(PROBLEM TO WORK ON)
Skip the pictures. Output only the lines below starting at the line with "Point of view" and ending at the line with "<p><strong>15-7. </strong>The map", both ends included, exactly as they are.

(DATA PROVIDED)
* * *
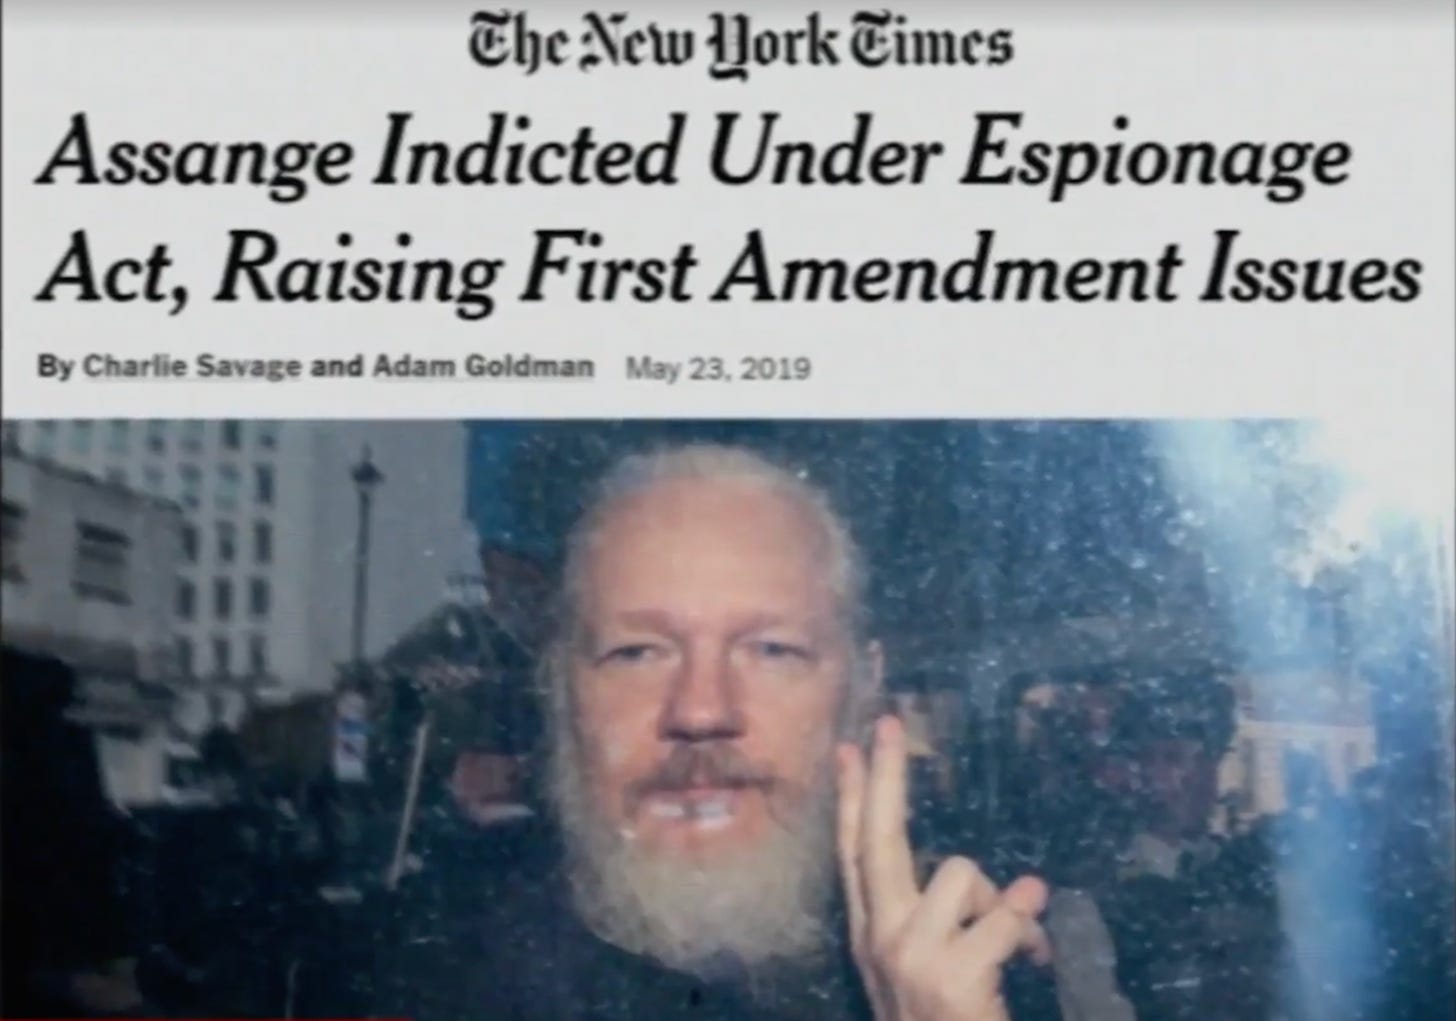 A New York Times headline, "Assange Indicted Under Espionage Act, Raising First Amendment Issues" appears over a picture of a bearded Julian Assange holding up two fingers.
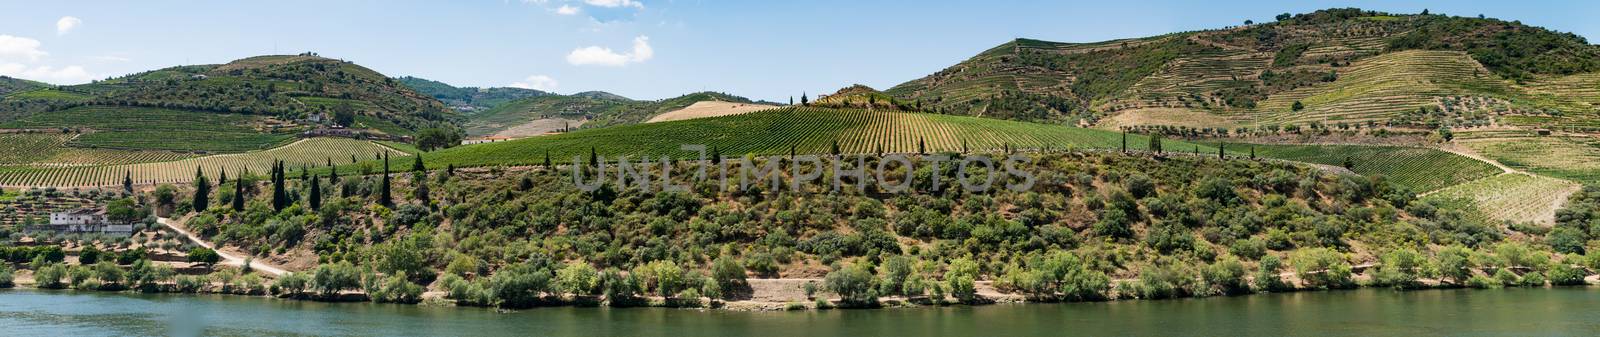 Point of view shot of terraced vineyards in Douro Valley by homydesign
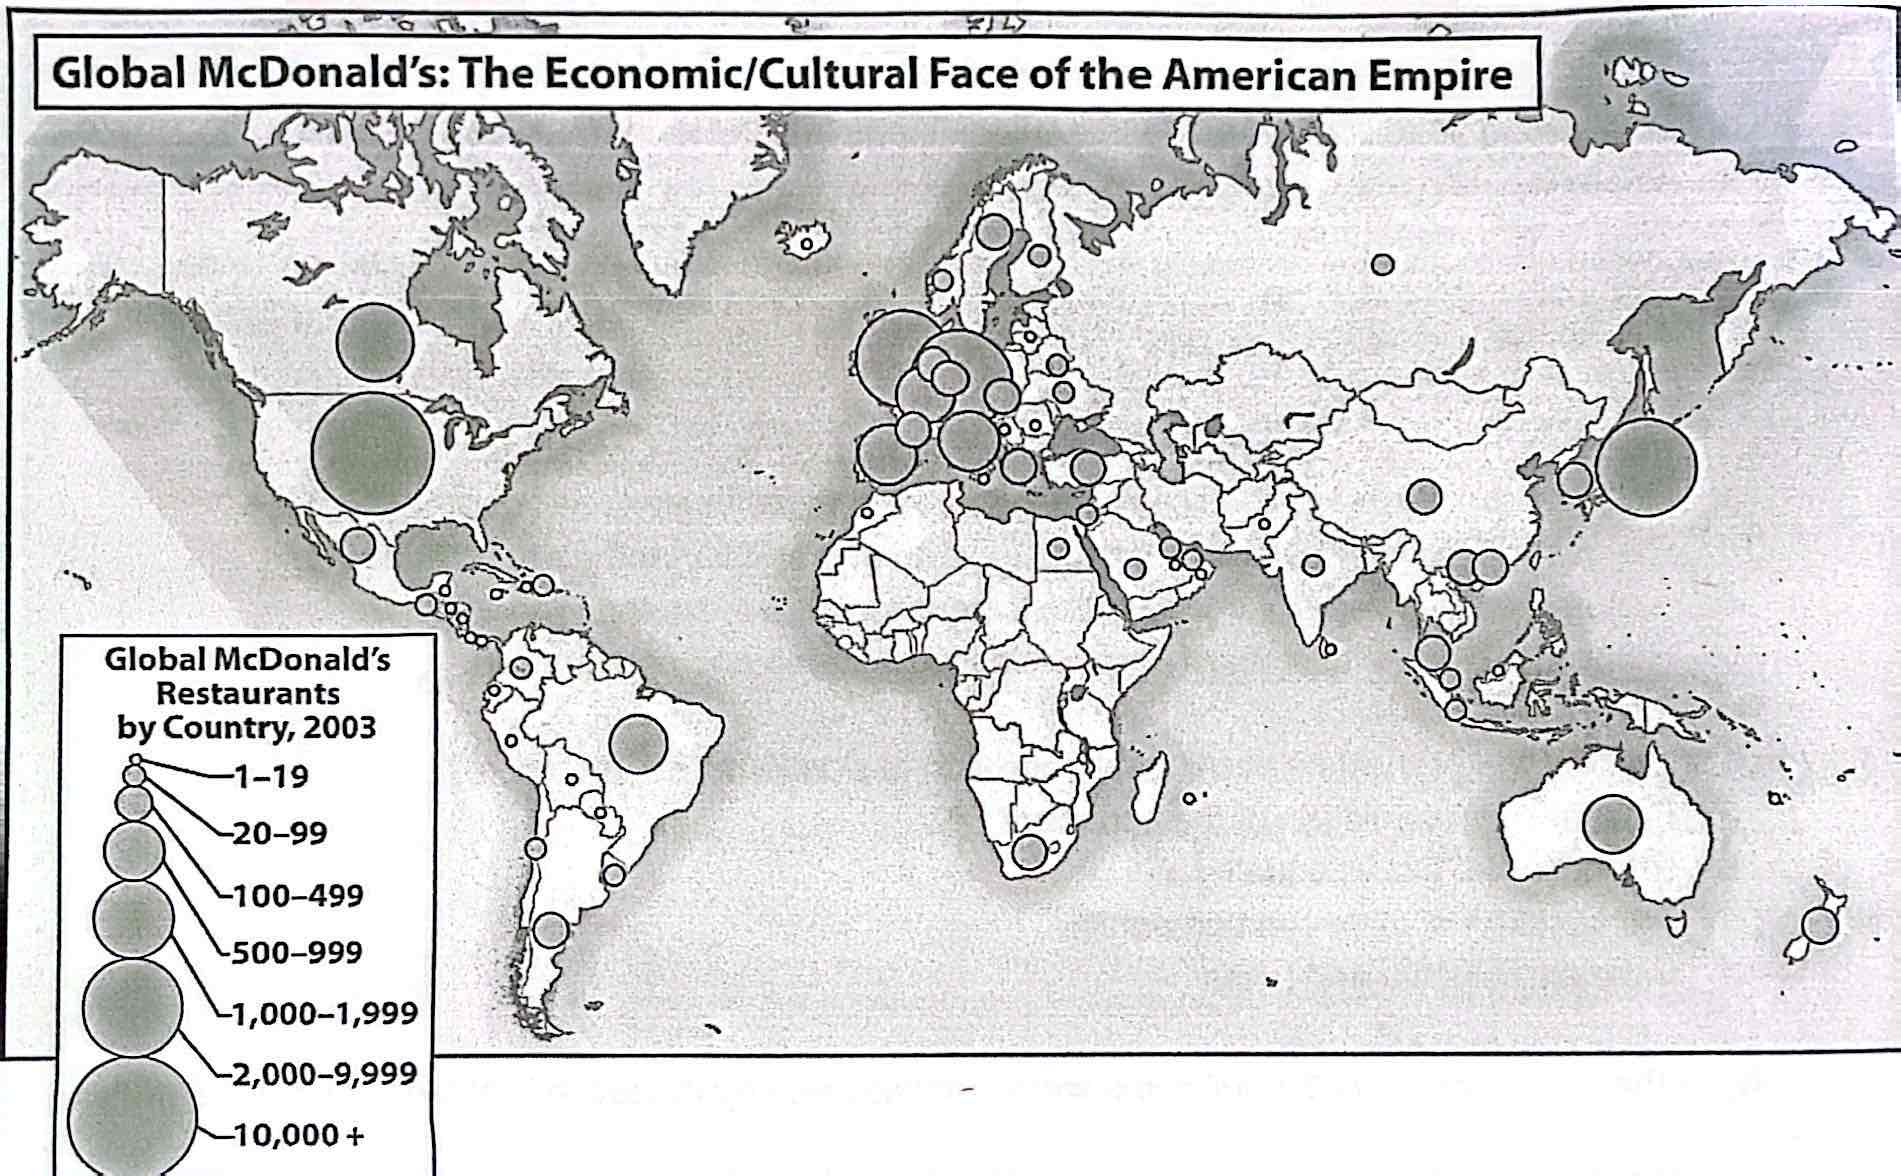 <p><strong>15-7. </strong>The map showing the global distribution of McDonald's highlights which aspect of the so-called American empire?<br><br>a) Counterculture<br>b) Soft power<br>c) Cultural revolution<br>d) Grassroots democracy</p>
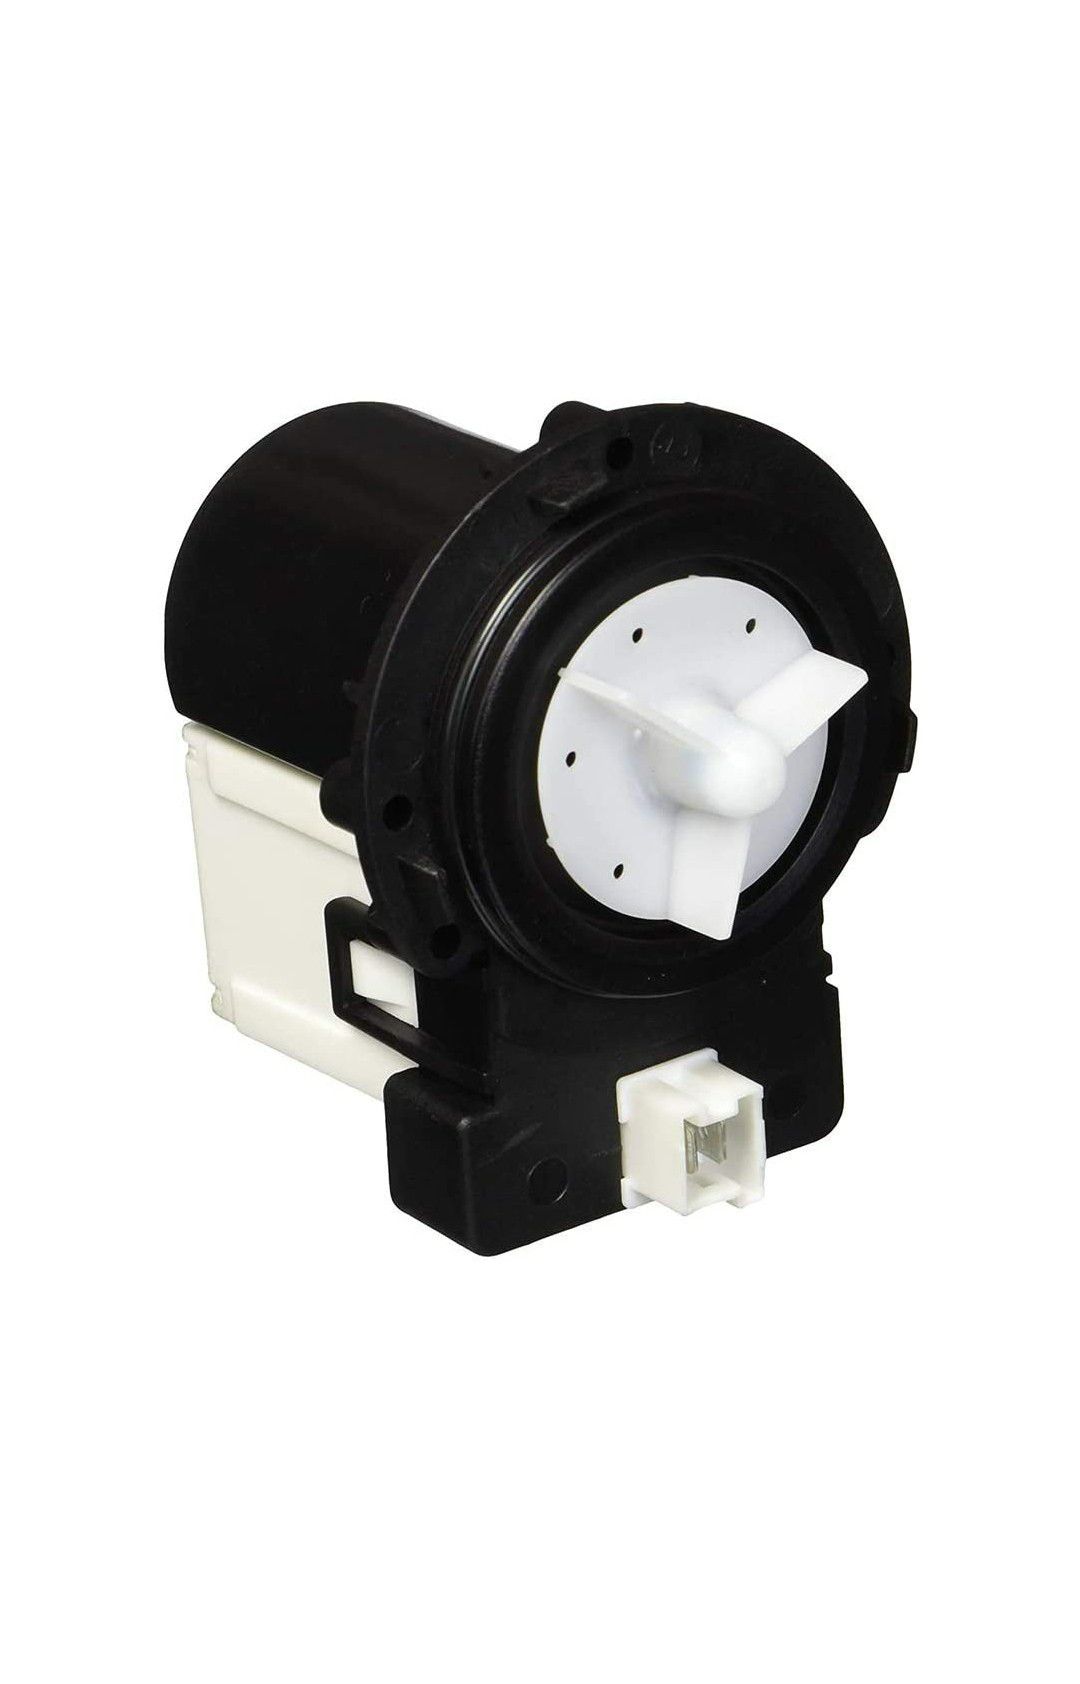 (JJ20) Ximoon DC31-00054A Washer Drain Pump Motor for Samsung DC3100054A DC31-00016A 62902090 PS4204638
* * *
(FINAL ANSWER)
 Point of view shot of terraced vineyards in Douro Valley by homydesign
 <p><strong>15-7. </strong>The map showing the global distribution of McDonald's highlights which aspect of the so-called American empire?<br><br>a) Counterculture<br>b) Soft power<br>c) Cultural revolution<br>d) Grassroots democracy</p>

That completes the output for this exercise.